Citrus inodora or Microcitrus inodora, commonly known as Russell River lime or large leaf Australian wild lime, is a tree native to the Bellenden-Ker Range in northern Queensland, Australia.

Citrus inodora is a shrub up to 4 m tall. The fruit is egg-shaped and yellowish-green. Leaves and flowers are essentially odourless, lacking the aromatic oils characteristic of the genus.

==Phenology==
Flowering occurs from August to November with fruiting observed in January, March and June.

==Distribution and Habitat==
Citrus inodora is only known to occur in lowland tropical rainforest and in Backhousia bancroftii forest as an understorey plant at elevations from sea level to 120m on the eastern side of Bellenden Ker Range to Mount Bartle Frere area, and at Cape Tribulation.

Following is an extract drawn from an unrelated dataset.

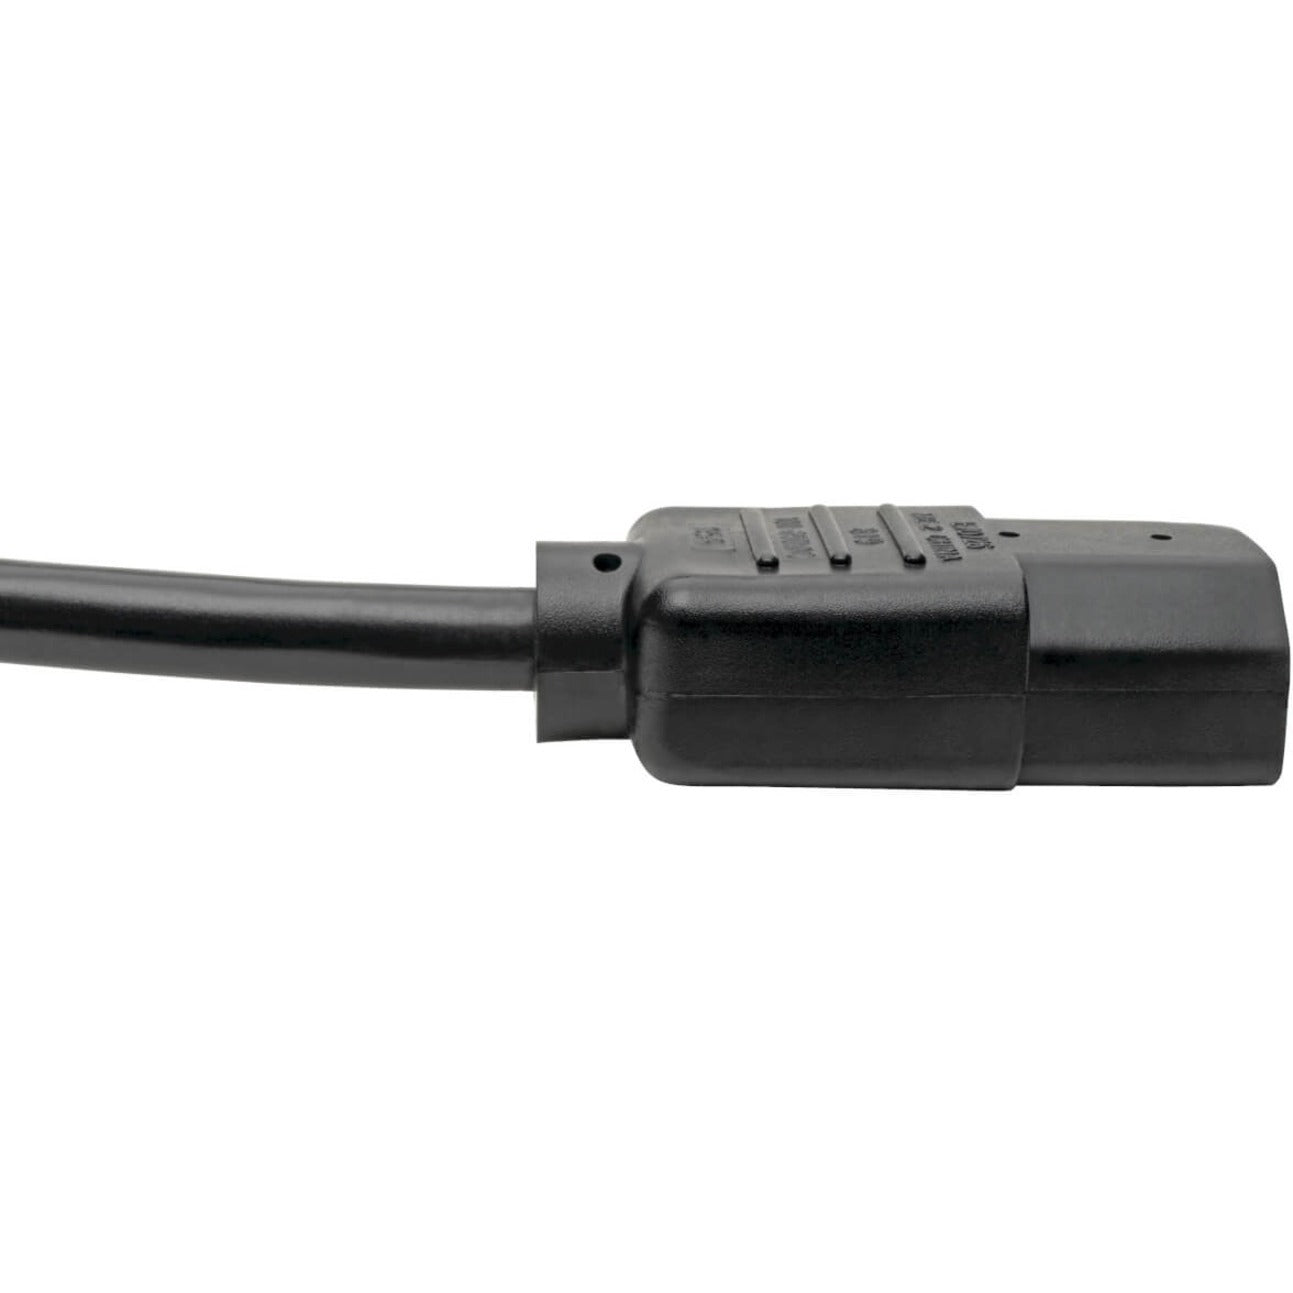 Marca: Tripp Lite Cable de alimentación pesado de 6 pies de calibre 14 AWG IEC-320-C13 a IEC-320-C14 de ángulo recto

Much of its native range has now been cleared for agricultural use including banana and sugar cane plantations.

==Varieties==
Citrus maideniana, also known as Microcitrus maideniana, Citrus inodora var. maideniana, and Maiden's Australian lime, is sometimes considered a variety or subspecies of Citrus inodora. The two have similar distributions and the deeply depressed apex of the fruit of Citrus maideniana is the only difference between it and Citrus inodora. It is sometimes considered a synonym of Citrus inodora.

==Conservation status==
Citrus inodora is listed as "endangered" under the Queensland Nature Conservation Act 1992. It is not listed under the Australian Environment Protection and Biodiversity Conservation Act 1999

==Uses==
There has to date been no commercial use of the fruits.